Кроссман относился ко мне добродушно и терпимо, он снисходительно улыбался, когда я защищал свою партию, иногда приглашал меня на ленчи в парламент и в клуб «Атенеум», однажды мы даже легко закусывали у него дома в библиотеке — можно представить себе, как притягателен был такой демократизм для юноши со взором горящим, уже понюхавшего советского равенства в образе валенкоподобного секретаря ЦК КПСС, гулявшего по барвихинскому санаторию под эскортом надутой охраны.

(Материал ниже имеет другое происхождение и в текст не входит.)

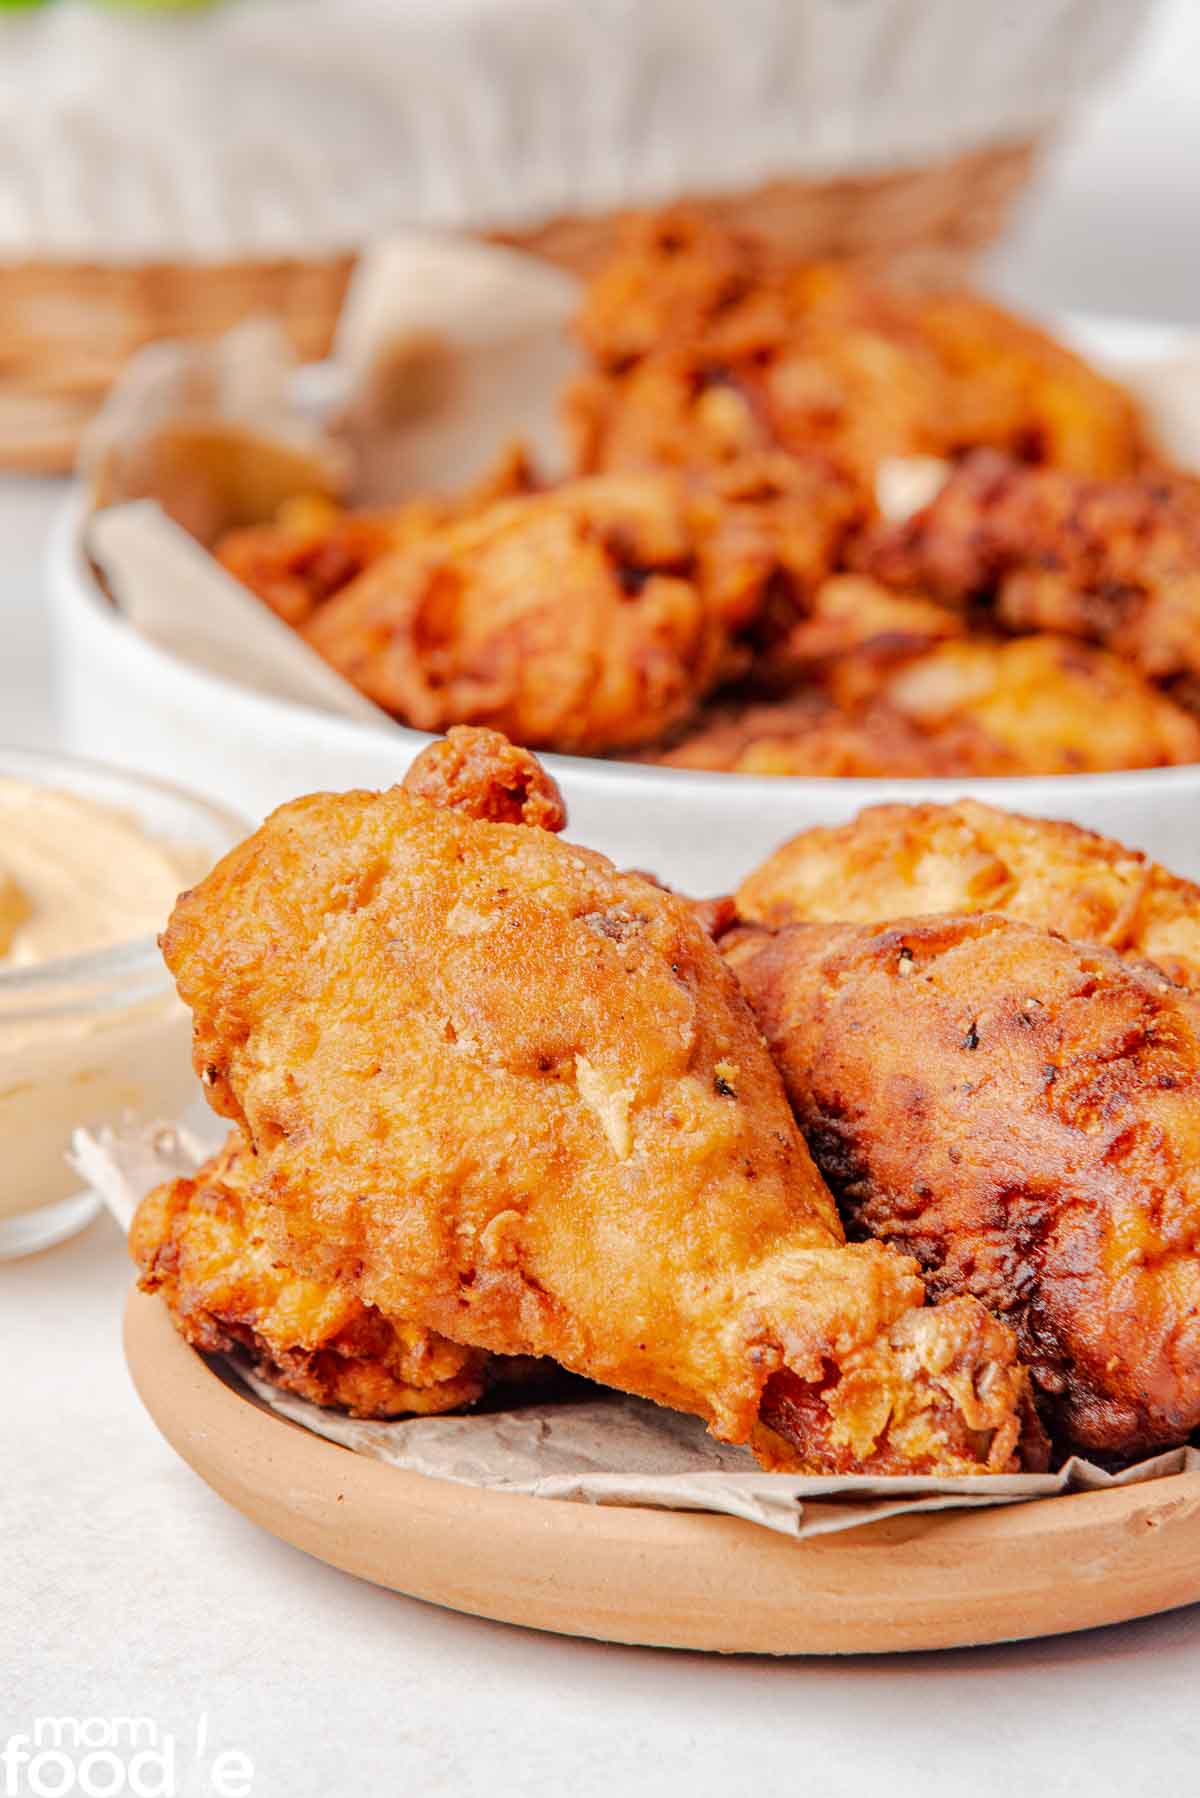 golden brown fried chicken pieces being served.

Однажды великолепный Кроссман пригласил меня в свой загородный дом в деревушке, расположенной за 25-мильной зоной (это требовало уведомления властей), пригласил на ужин часам к пяти в субботу, по простоте душевной мне и в голову не пришло, что приезд в уик-энд подразумевал и ночевку, впрочем, неудивительно, ибо в нашей гостеприимной стране, вечно страдающей от жилищного кризиса, это вообще почти невероятно, я по крайней мере за всю жизнь ночевал на высокопоставленных дачах лишь два раза: однажды на Новый год (звезды на серебряной елке и в небе, нежный пар изо рта, нелепая снежная баба во дворе, сказочный сон на кровати то ли Маленкова, то ли Булганина, репродукции из «Огонька» на стенах) и на утиной охоте в Завидове (полдня на островке в бочке, пропитанной ароматами начальственной мочи, редкие выстрелы и сквозная охотничья пьянка).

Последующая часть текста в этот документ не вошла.